BDCA finals: Eaton chase first ever consecutive premierships in huge grand final clash with Colts at home
A back-to-back premiership triumph is the missing piece in the Eaton Cricket Club’s storied history, according to club captain Clayton Caltsounis.
And that’s what the Bobtails are out to fix when they face Colts in this weekend’s grand final.
But there’s even more at stake — Sunday’s winners will stake their claim as the strongest club of Bunbury cricket’s modern era.
“The last time we won it we had a chance to go back-to-back in a grand final and came up short,” Caltsounis said.
“It would be massive for the club to do it for the first time and reward for a good year.
“It has been a pretty good build towards it.”
The home side powered to the top of the ladder, losing just three times on its way to a second straight minor premiership, before booking a grand final ticket with a 12-run semifinal win over Marist a fortnight ago.
They are also set to be boosted by the return of commanding all-rounder and raging Goodwin-Dehring Medal favourite Julian Crudeli, after he missed their semifinal clash.
“Jules obviously comes back in, so someone will be unlucky to miss there,” Caltsounis said.
“Someone with 30-odd wickets and 600 runs, you can’t really sit them out.”
Caltsounis said that would be his team’s only change for the clash “unless something goes wrong”.
“We want to reward the guys that got us here,” he said.
After themselves winning consecutive flags in 2017/18 and 2018/19 before a COVID-impacted season and last year’s early finals exit, Colts skipper Josh Topliss said his group was “as hungry as ever” to taste success again.
“A few of us have been lucky enough to win some in the past, but that doesn’t change how much we want to win one come the weekend.”
It will be the fifth time the two clubs have met in a premiership decider and the third time at the Eaton Sports Ground, a regularity which Topliss said had created a “healthy rivalry”.

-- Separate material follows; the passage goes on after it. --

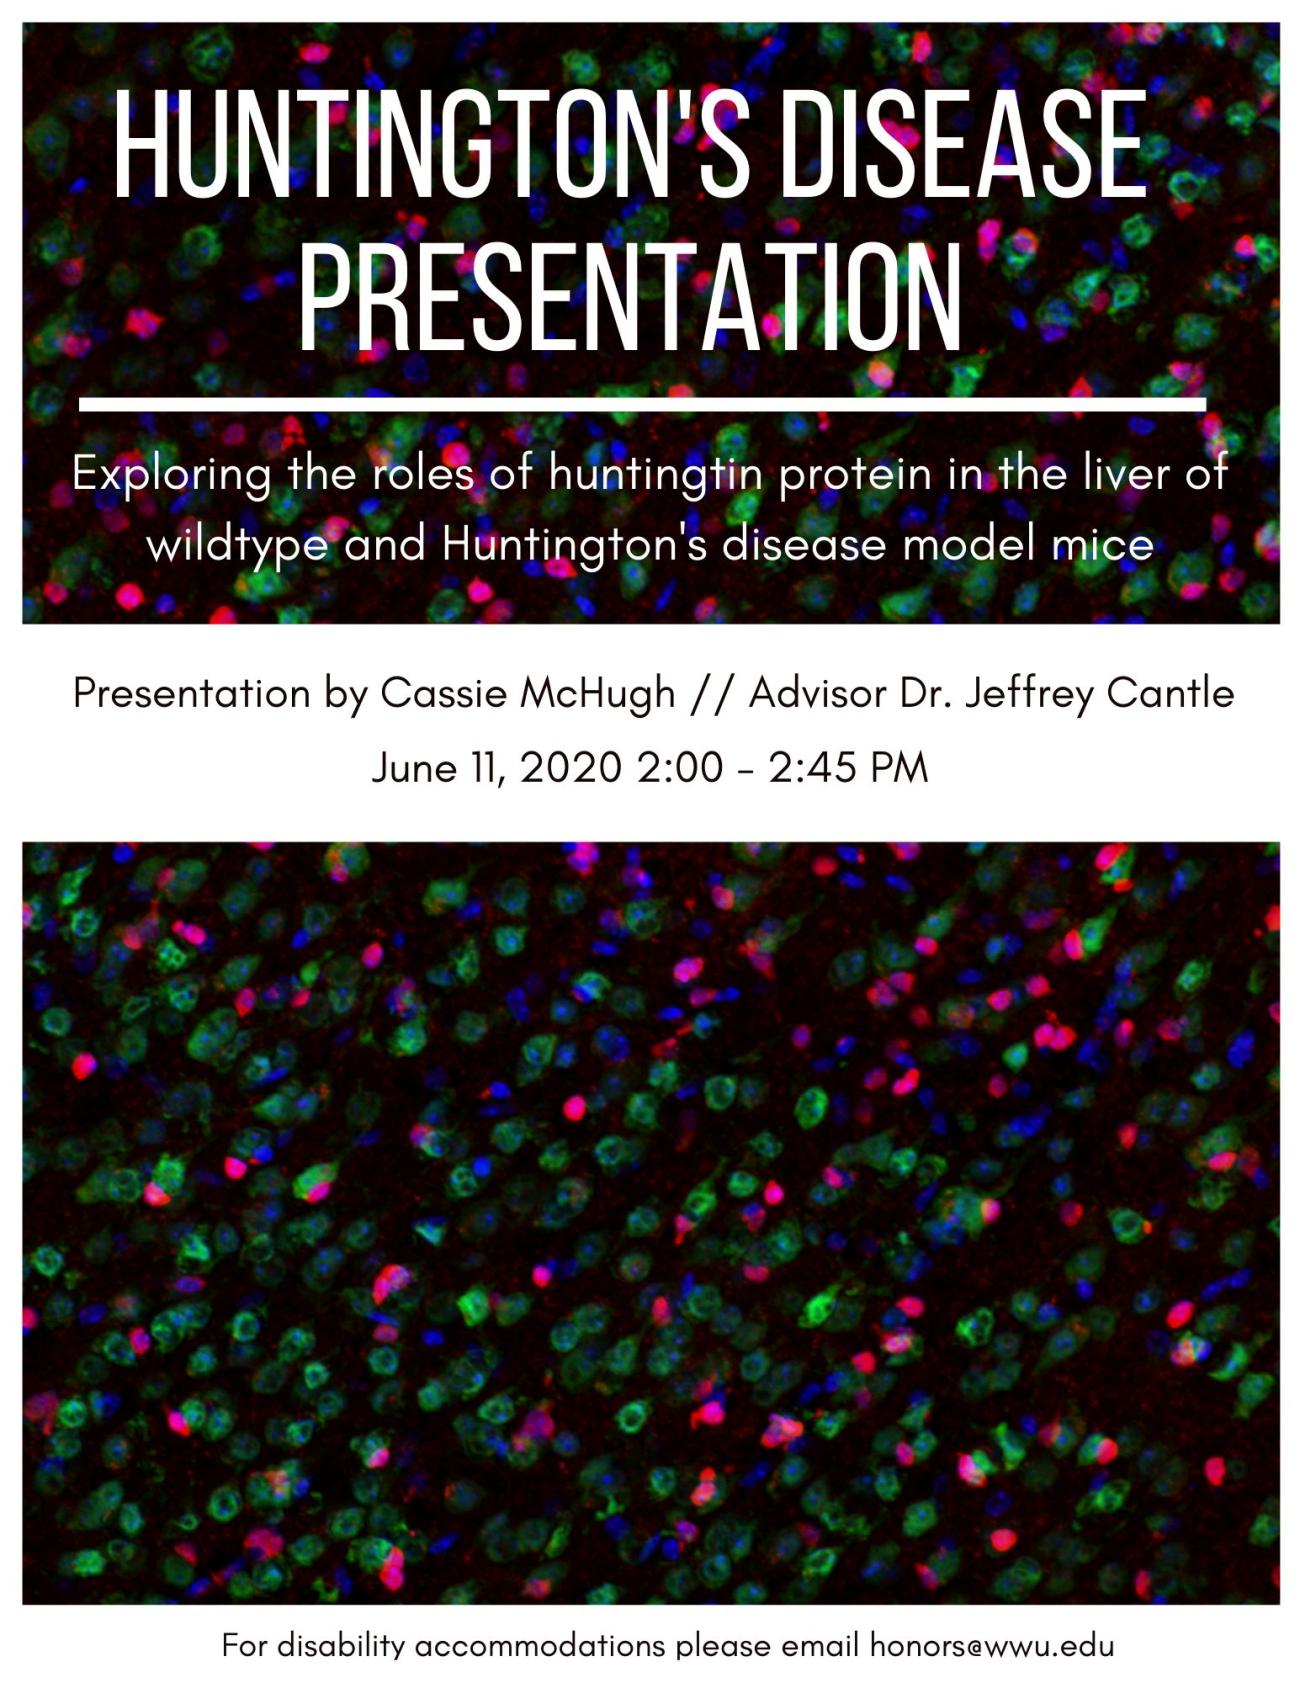 Text: "Huntington's disease presentation. Exploring the roles of huntingtin protein in the liver of wildtype and Huntington's disease model mice. Presentation by Cassie McHugh // Advisor Dr. Jeffrey Cantle. June 11, 2020 2:00-2:45 PM. For disability accommodations please email honors@wwu.edu."

“It’s been one that’s just developed over the years because we are just two very competitive teams, we don’t leave anything in the tank,” he said.
“When you have got two teams going pretty hard to win you are always going to get a few spot fires.”

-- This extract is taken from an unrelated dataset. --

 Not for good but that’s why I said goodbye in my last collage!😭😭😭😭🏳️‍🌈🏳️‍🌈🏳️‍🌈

Colts are set to go in unchanged, after two impressive bowling performances got them through to the decider.
And their second-year captain has led from the front, taking nine wickets in the two finals matches.

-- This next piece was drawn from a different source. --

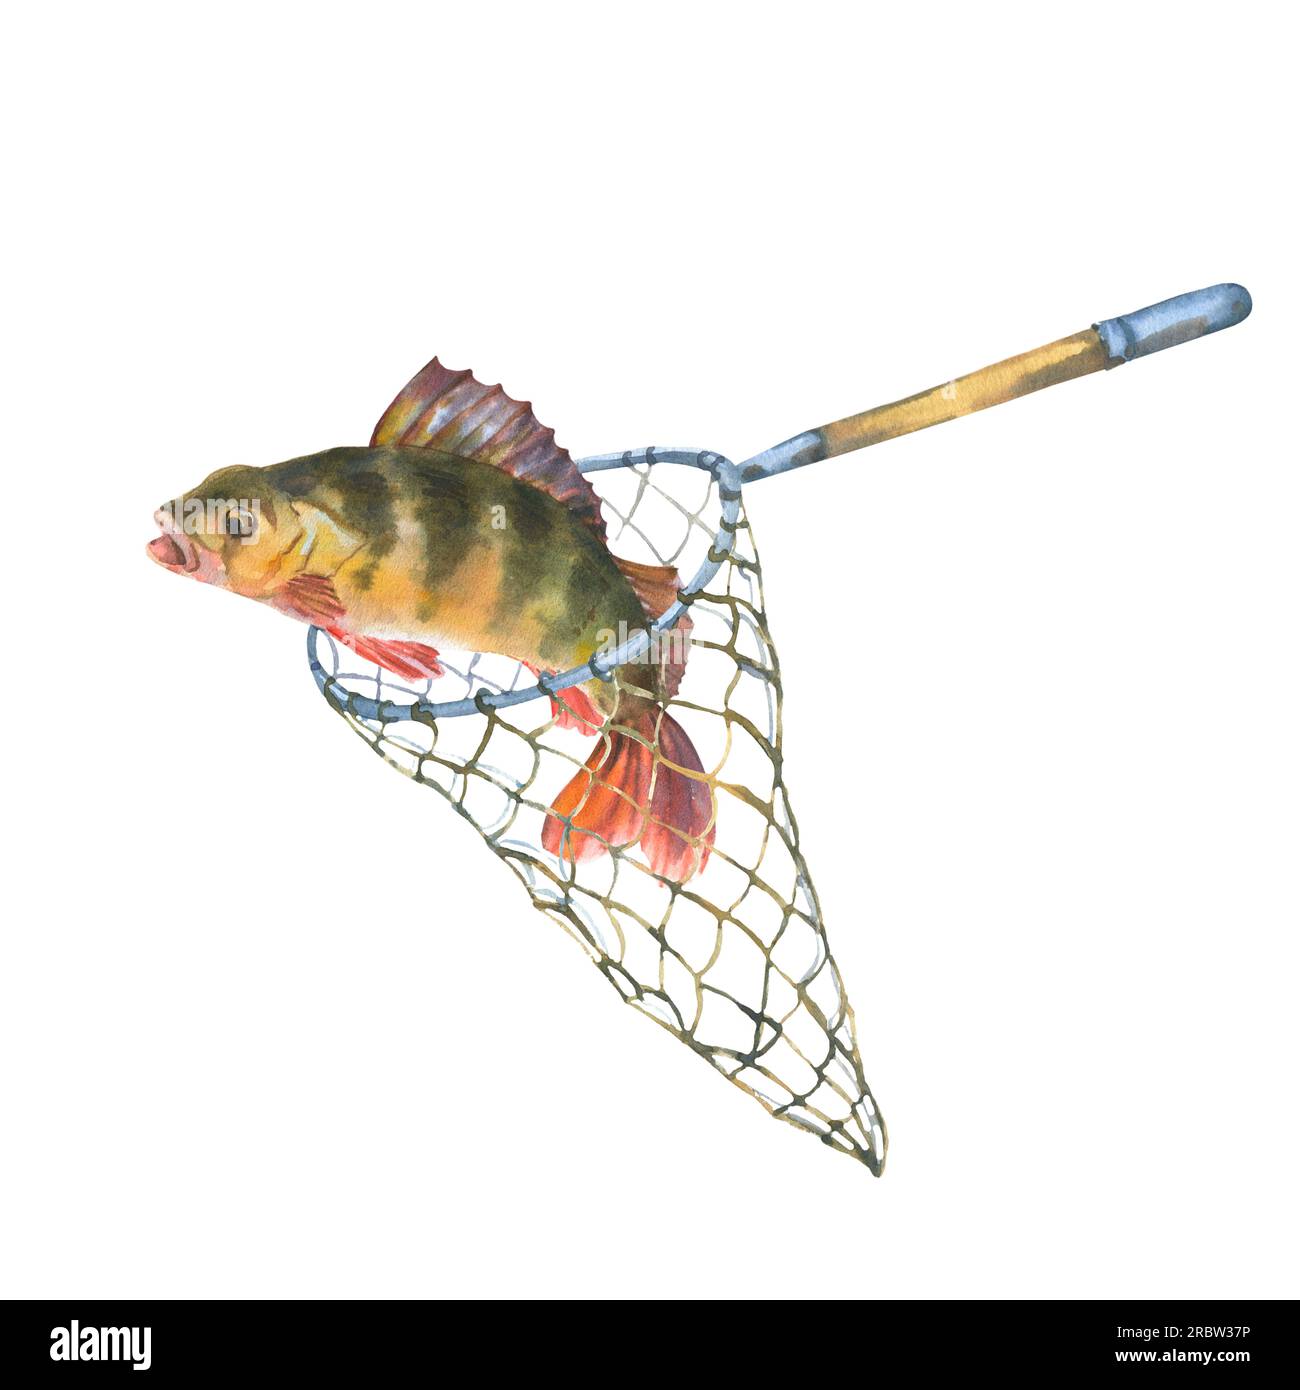 Watercolor illustration, fish caught in a fishing net. Perch

“I probably haven’t had the best year but the last two weeks it has been satisfying to contribute in getting the boys over the line in two big games,” Topliss said.
“We have remained hungry as a team and patience has been a big thing when we’re bowling.
“Last few weeks we’ve been hit for a few runs early but we have obviously come back well and I have been lucky enough to be on the receiving end of a couple of wickets.”
The lead-up to the grand final hasn’t come without its share of controversy and at times confusion, with a change to the fixture last month initially including the demise of the traditional two-day grand final.
But a push-back from clubs saw the second day reinstated.
The game will also be played without spectators, after the State Government’s level two COVID-19 restrictions, which came into force last week, banned crowds at community sport.
“The Saturday of the grand final sometimes feels like a normal game,” Caltsounis said.
“But the Sunday has a good buzz, so hopefully that side of it doesn’t get missed too much — but we have to follow the restrictions.”
Caltsounis, who has won premierships previously with Colts, said he had warned his players “you don’t want to be sitting at home watching it” as COVID cases in the region rise in grand final week.